If I loop over the column_names vector that I created
for (i in 1:length(column_names)) {
print(column_names[i])
}
I see the first newline character in the middle of the 81st line -
SPECIAL\nEDUCATION SCIENCE Number Enrolled Science
Avenues that I tried to resolve this:
1) Is it something about my environment? I'm using the regular script editor in R, and my lines do wrap - but the breaks on my screen don't match the placement of the \n characters, which to me suggests that it's not the R script editor.
2) Is there a GUI setting? Did some searching, but couldn't find anything.
3) Is there a pattern? Seems like the newline characters get inserted about every 4000 characters. Did some reading on R/S primitives to try to figure out if this had something to do with basic R data structures, but was pretty quickly in over my head.
I tried breaking up the long string into shorter chunks, and then subsequently combining them, and that seemed to solve the problem.
column_names.1 <- c(...)
column_names.2 <- c(...)
column_names_combined <- c(column_names.1, column_names.2)
so I have an immediate workaround, but would love to know what's actually going on here.
Some of the posts that had to do with problems with character vectors suggested that I run memory profile:
memory.profile()
NULL symbol pairlist closure environment promise
1 9572 220717 4734 1379 5764
language special builtin char logical integer
63932 165 1550 18935 10302 30428
double complex character ... any list
2039 1 60058 0 0 20059
expression bytecode externalptr weakref raw S4
1 16553 725 150 151 1162
I'm running R 2.15.1 (64-bit) R on Windows 7 (Enterprise, SP 1, 8 gigs RAM). Thanks!
In programming languages, such as C, Java, and Perl, the newline character is represented as a '\n' which is an escape sequence.
It is a character in a string which represents a line break, which means that after this character, a new line will start. There are two basic new line characters: LF (character : \n, Unicode : U+000A, ASCII : 10, hex : 0x0a): This is simply the '\n' character which we all know from our early programming days.
The C programming language provides the escape sequences '\n' (newline) and '\r' (carriage return). However, these are not required to be equivalent to the ASCII LF and CR control characters.
In Windows and DOS, the line break code is two characters: a carriage return followed by a line feed (CR/LF). In the Unix/Linux/Mac world, the code is just the line feed character (LF).
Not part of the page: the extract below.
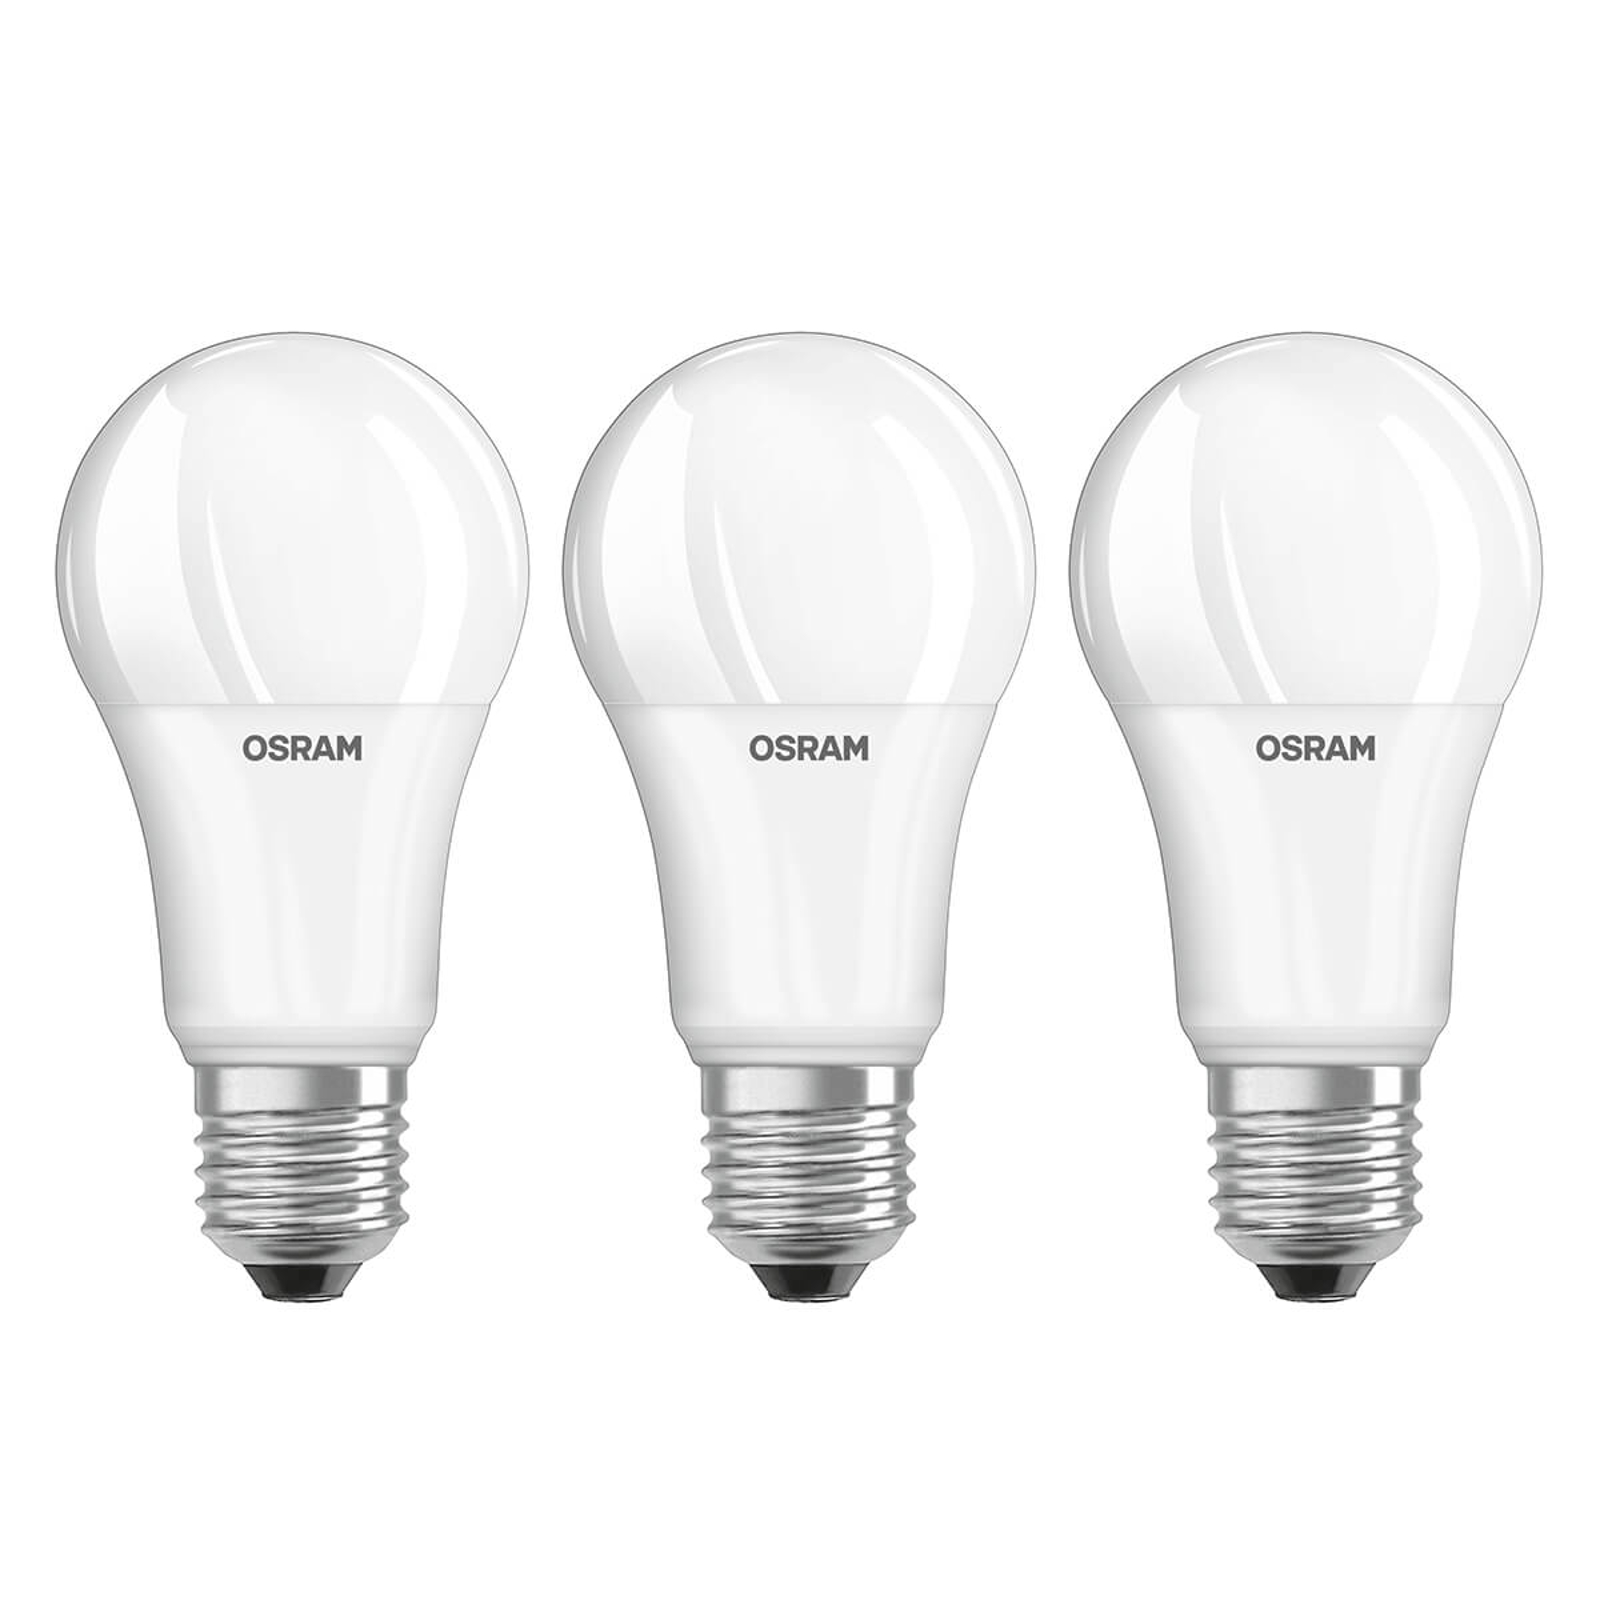 LED lamp E27 13W, universeel wit, set v. 3

I doubt this is a bug. Instead, it looks like you're running into a known limitation of the console. As it says in Section 1.8 - R commands, case sensitivity, etc. of An Introduction to R:
Command lines entered at the console are limited[3] to about 4095 bytes (not characters).
[3] some of the consoles will not allow you to enter more, and amongst those which do some will silently discard the excess and some will use it as the start of the next line.
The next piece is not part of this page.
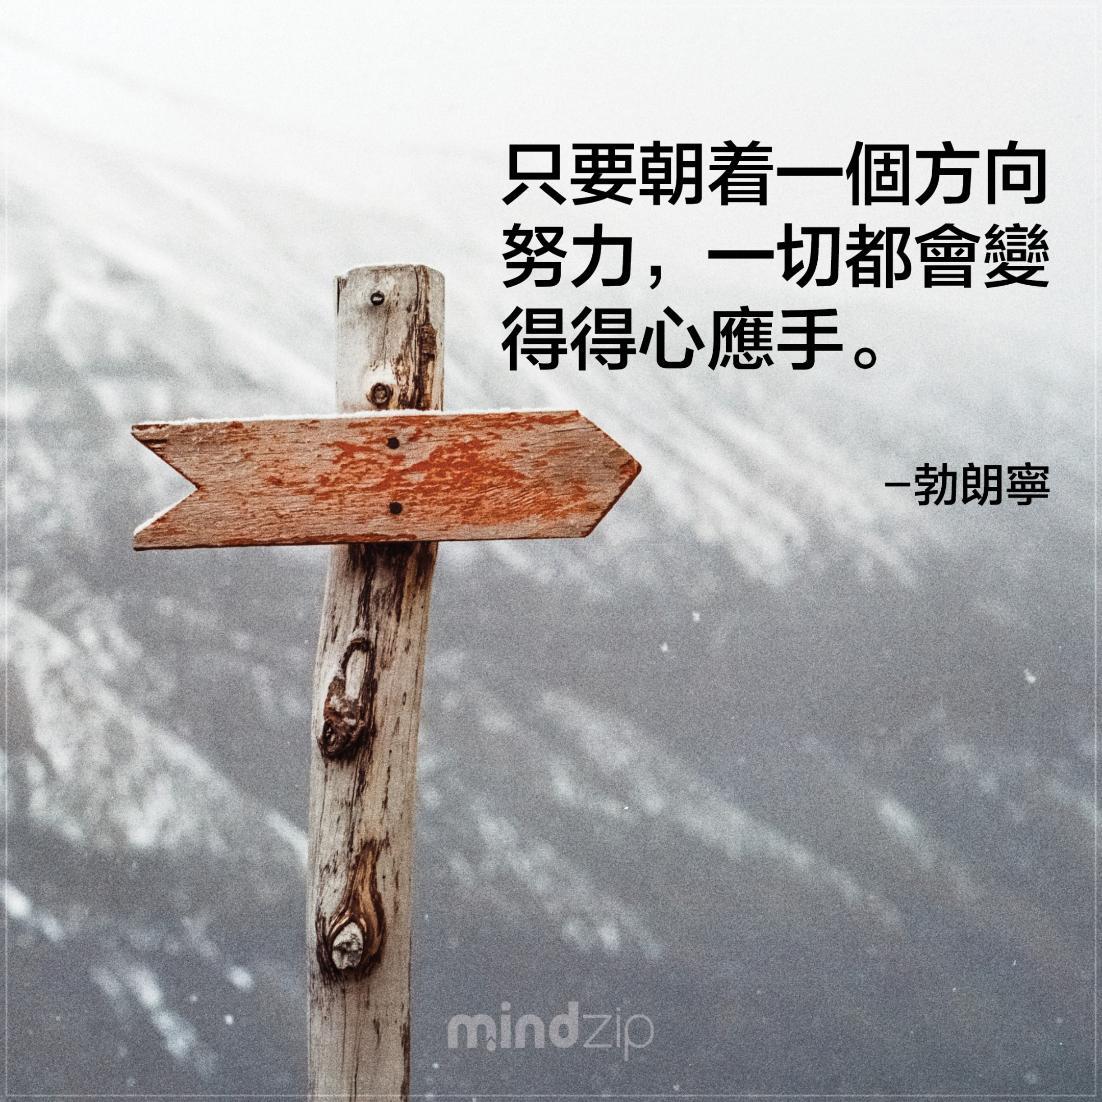 專注於一個目標,努力達成就會得心應手,你們同意嗎? 同意或不同意? https://get.mindzip.net #勃朗寧 #語錄 #語錄分享 #成功 #激勵人心 #生活 #努力 #得心應手 #人生 #正面能量 #每日一句 #CitaPix #MindZip

Either put the command in a file and source
it, or break the code into multiple lines by inserting your own newlines at appropriate points (between commas). For example:
column_names <-
c("County Code/DFG/Aggregation Code", "District Code", "School Code",
"County Name", "District Name", "School Name", "DFG", "Special Needs",
"TOTAL POPULATION TOTAL POPULATION Number Enrolled LAL", ...)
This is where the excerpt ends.